1) New report on UN Human Rights treaty bodies
The High Commissioner for Human Rights is today releasing a 100-page report urging states and other parties to take a series of actions to strengthen the UN human rights treaty body system which has been coming under increasing strain in recent years. The report, which has been almost three years in the making, notes that the increase in the number of international human rights treaties, and of the number of states that have ratified each treaty, has not been matched by an increase in resources to allow the Committees monitoring implementation of the treaties to keep pace. The High Commissioner points out in her report that virtually every aspect of the treaty body system has doubled in size since 2000: the number of Committees has risen from six to ten; the number of experts serving on them has risen from 97 to 172, and the number of state ratifications has risen from 900 to 1,600, meaning a huge increase in reports, time and expenses needed to examine the record of each ratifying state. At the same time the backlog of State reports has also swollen to unprecedented levels. The High Commissioner’s report, which is the product of exhaustive consultations with States, civil society organizations and the Treaty Bodies themselves, describes a unique and highly valued system in crisis, and says the current situation is unsustainable. It makes a series of proposals, and offers a number of different options to alleviate the problems and save the system. The report can be read or downloaded from www.ohchr.org
We are extremely concerned by the wave of violence and killings unleashed by the latest deadly bomb attacks on churches by the Boko Haram group in Nigeria. Since several churches were attacked by Boko Haram in Kaduna last Sunday (17 June), it is estimated that over a hundred people have been killed, some 30 of them in the initial attacks and subsequent retaliation by Christian youths who set up check points. The rest were reportedly killed in clashes between the security forces and Muslims protesting at the deadly retaliatory acts by the Christians, and most recently in clashes between the security forces and alleged insurgents in Damaturu.
We condemn the repeated attacks by Boko Haram on places of worship and on religious freedom, as well as its blatant attempts to stir sectarian tensions and violence between two communities that have lived together peacefully for so long. We encourage local and national authorities to take effective measures to assist victims. Members of Boko Haram and other groups and entities, if judged to have committed widespread or systematic attacks against a civilian population – including on grounds such as religion or ethnicity – are likely to be found guilty of crimes against humanity. Deliberate acts leading to population “cleansing” on grounds of religion or ethnicity would also amount to a crime against humanity.
We also urge the authorities to take measures to curb inflammatory or hate-speech and to work with all stakeholders including civil society and religious leaders to help deal with this deadly threat. It is encouraging that some religious leaders have been working together to avoid such flare-ups of retaliatory violence. The Anglican Archbishop of Jos, for example, recently made an important statement after some other attacks on churches urging people to stay calm and saying that reprisals were "futile" and only served to aggravate the situation.
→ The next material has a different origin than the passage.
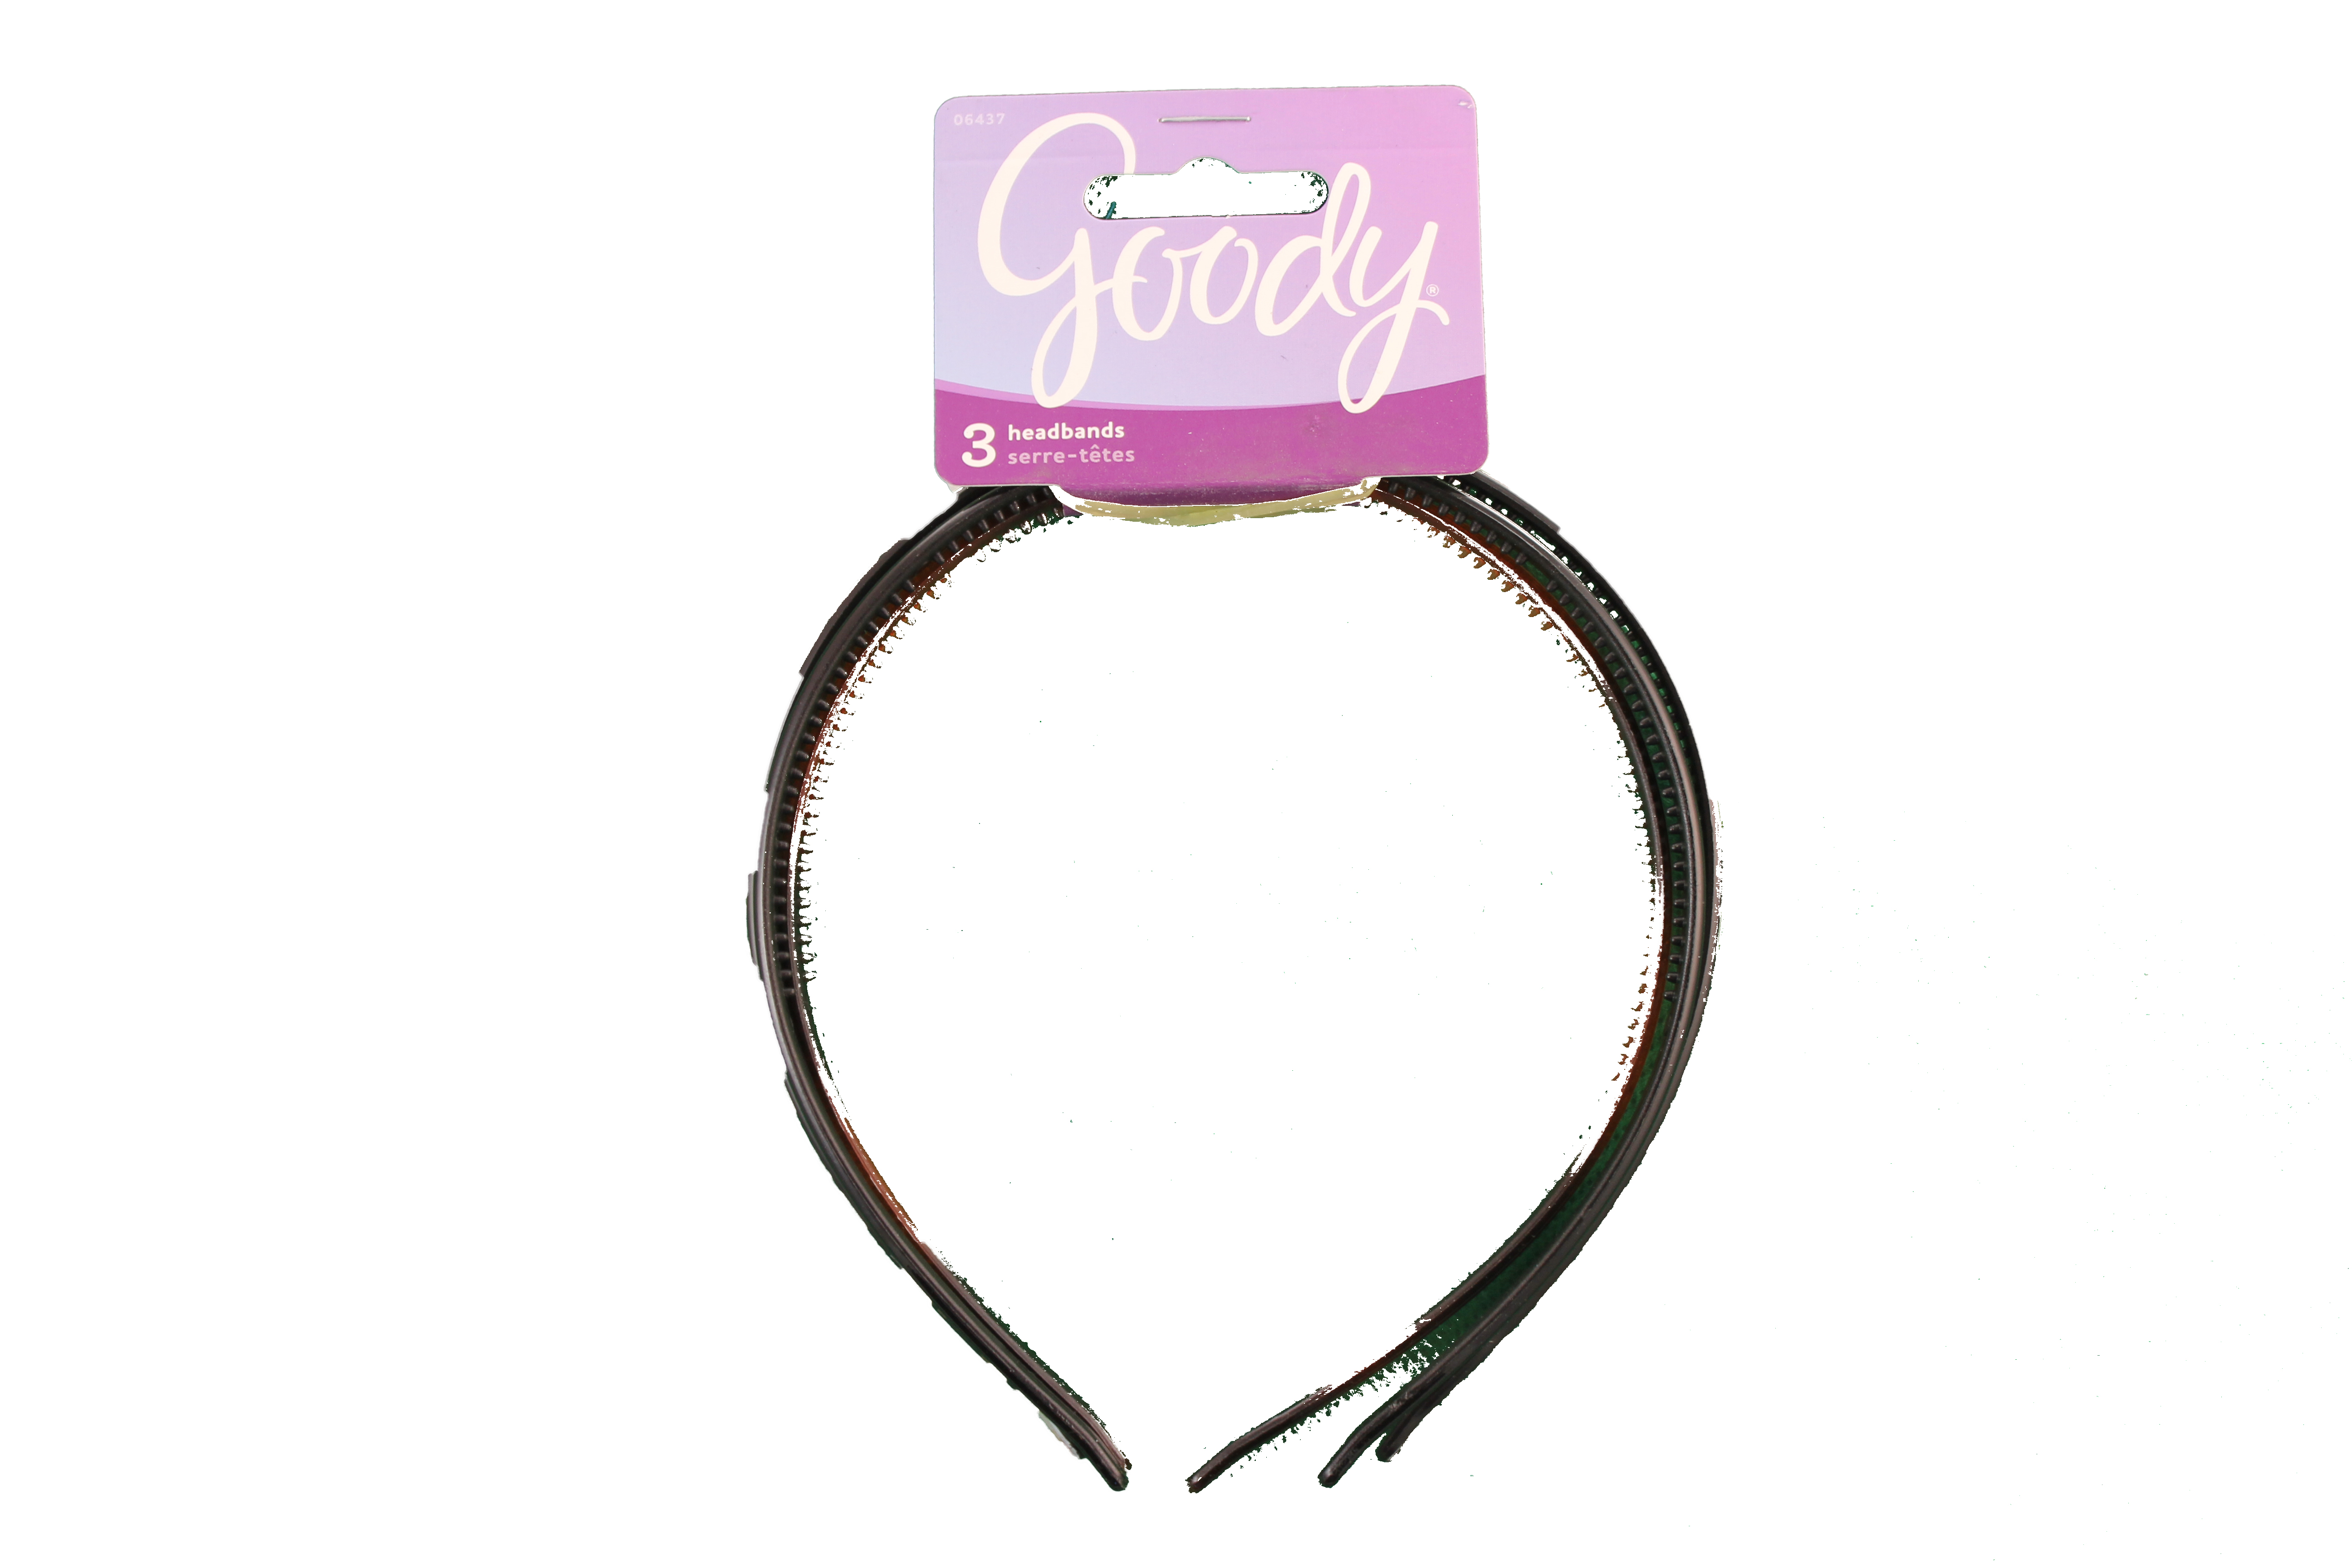 Goody Headbands With Teeth Cheetah Print Mix, 3 Per Card UPC:041457064375 Pack:72/3 - Click Image to Close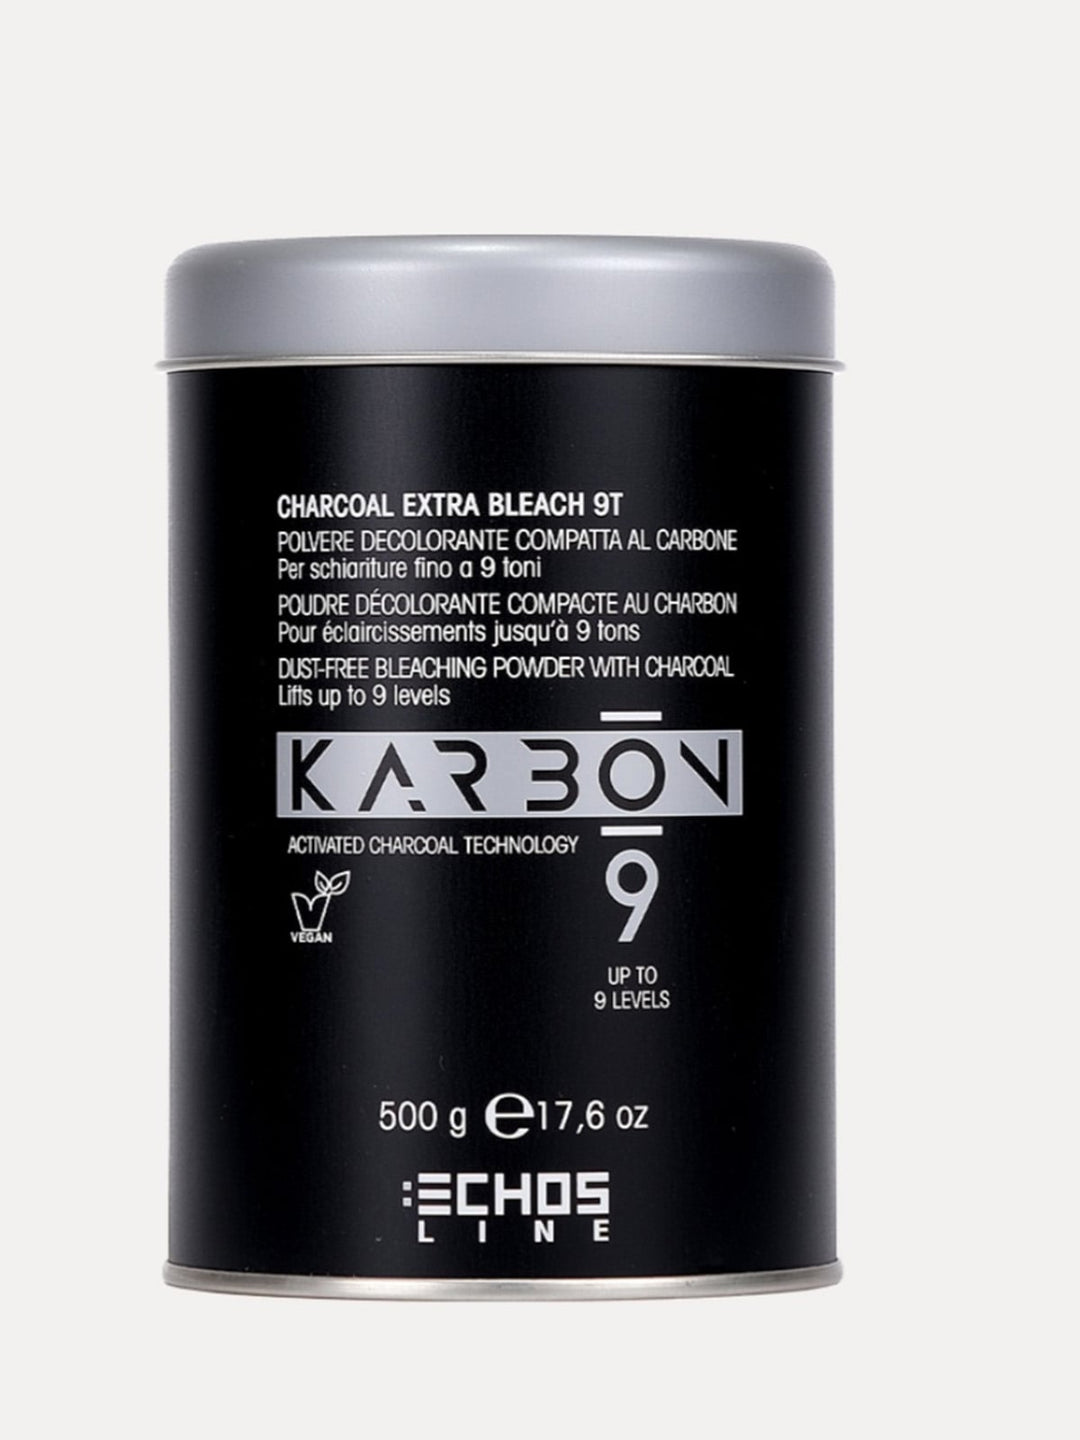 Charcoal Extra Bleach 9T | Echosline

We urge him and other Muslim and Christian leaders to redouble their efforts to contain these extremely dangerous manifestations of religious intolerance and inter-communal violence.
Inflammatory hate speech has also been a problem in Togo, where thinly-veiled threats to foreigners have been made on radio programmes in the wake of protests that descended into violence at the end of last week. During three days of violence from 12-14 June, more than a hundred protestors, police and bystanders are reported to have been injured, some of them seriously. The OHCHR office in Togo has urged both the authorities and the protestors to refrain from all acts that might endanger people or property, stressing that protests should be conducted in a peaceful manner, and that the authorities should only resort to force if it is both necessary and proportional, and in full conformity with international standards.
We understand that Mexico's new Law for the Protection of Human Rights Defenders and Journalists is due to be signed later today by President Calderon. Once this very necessary law has been signed, we will issue a press release in Mexico welcoming it and looking forward to its effective implementation.